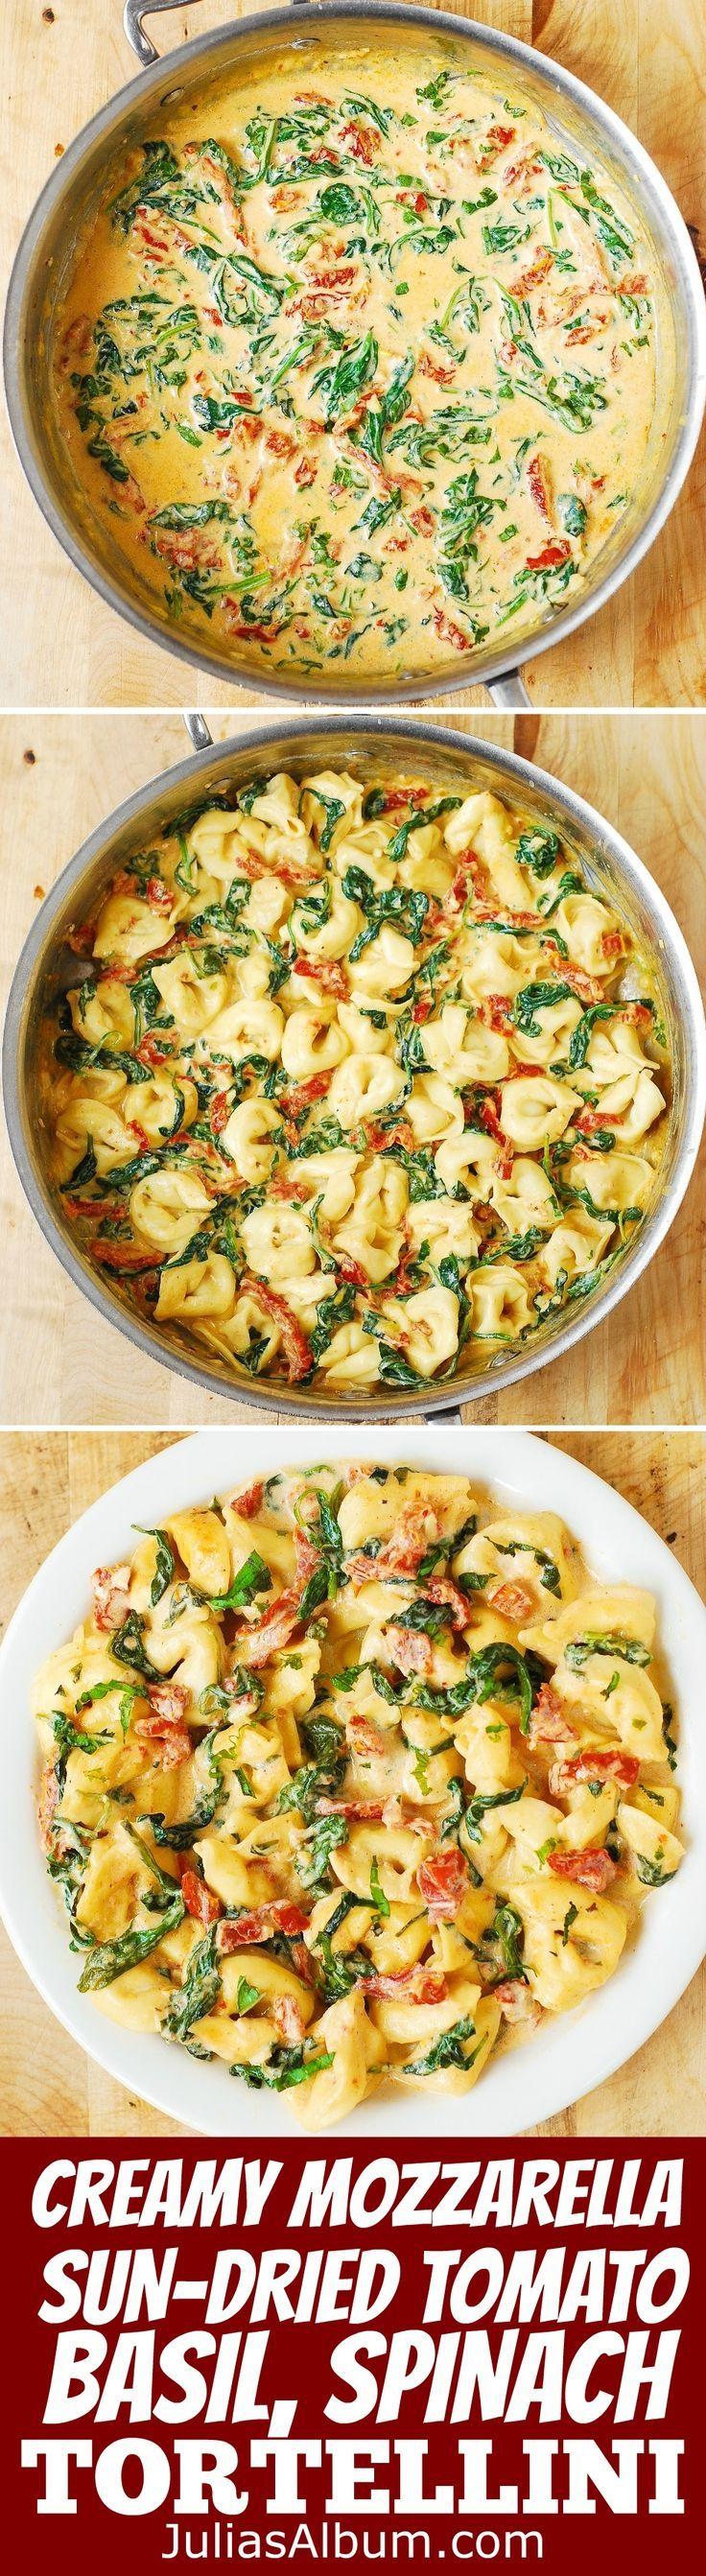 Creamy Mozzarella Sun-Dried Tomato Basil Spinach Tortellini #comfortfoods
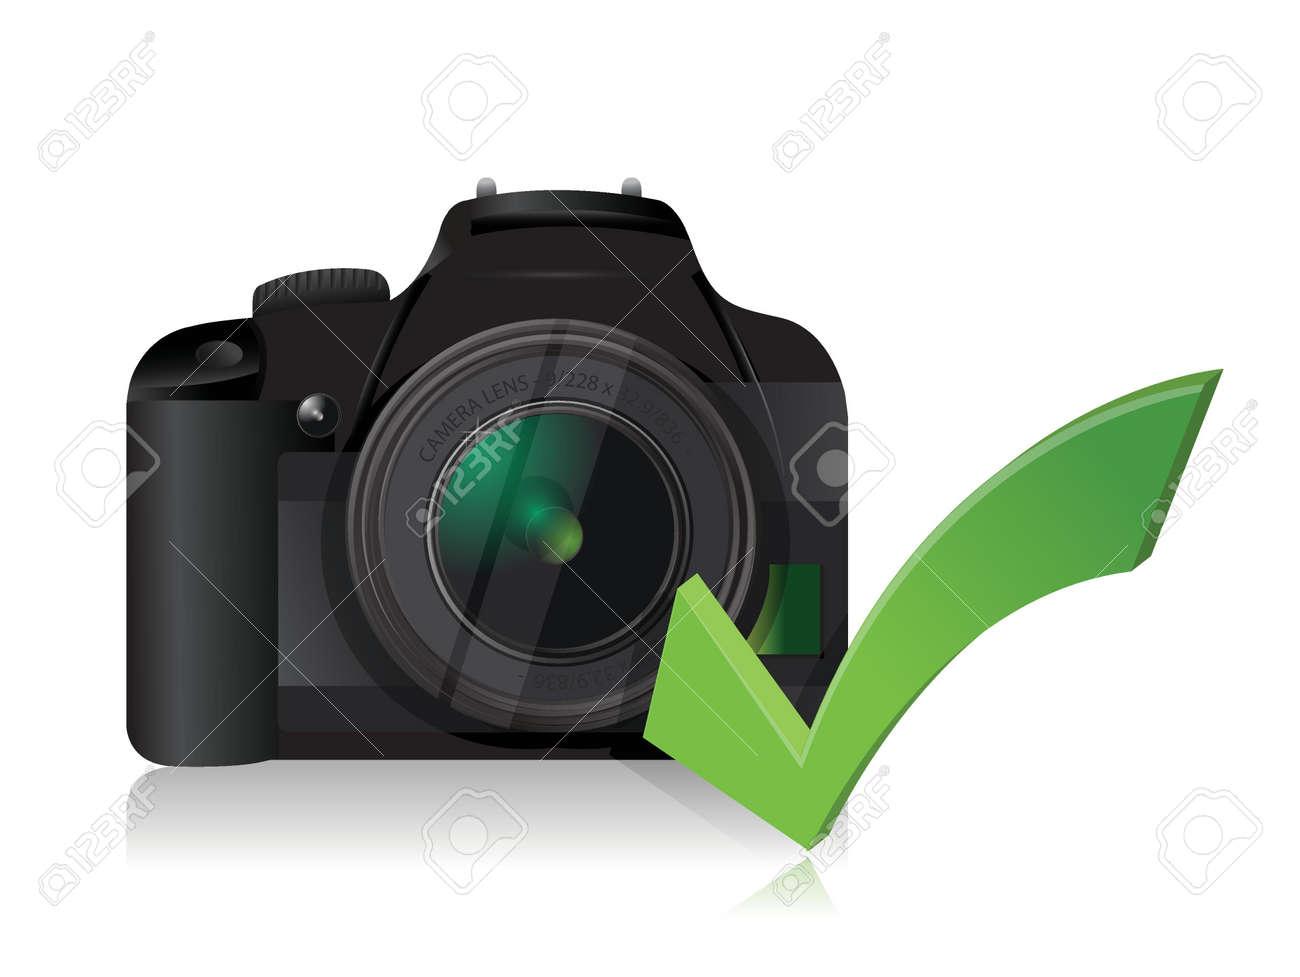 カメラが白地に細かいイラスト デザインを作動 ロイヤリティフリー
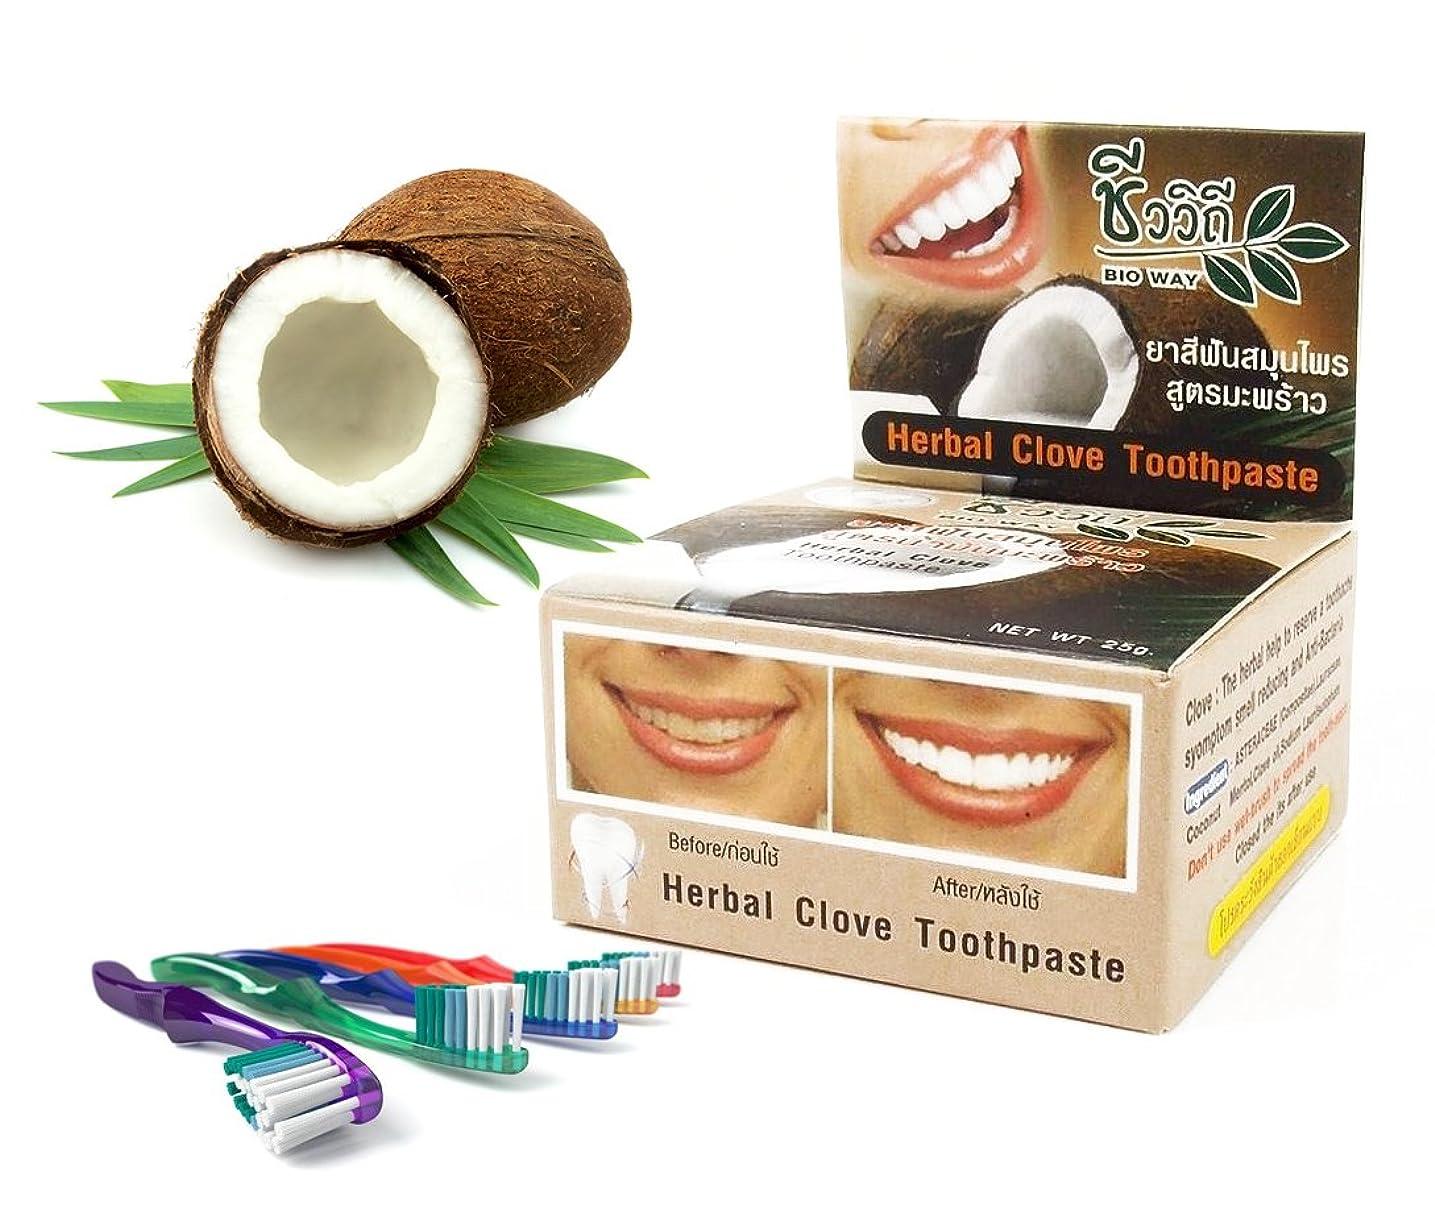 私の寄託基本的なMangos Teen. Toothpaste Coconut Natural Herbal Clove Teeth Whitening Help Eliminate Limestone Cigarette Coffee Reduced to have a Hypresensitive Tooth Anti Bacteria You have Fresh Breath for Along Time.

**What is being asked:** Set down the material again exactly. Don't carry over any pictures.

**Answer to the exercise:**
 Creamy Mozzarella Sun-Dried Tomato Basil Spinach Tortellini #comfortfoods
 カメラが白地に細かいイラスト デザインを作動 ロイヤリティフリー
 私の寄託基本的なMangos Teen. Toothpaste Coconut Natural Herbal Clove Teeth Whitening Help Eliminate Limestone Cigarette Coffee Reduced to have a Hypresensitive Tooth Anti Bacteria You have Fresh Breath for Along Time.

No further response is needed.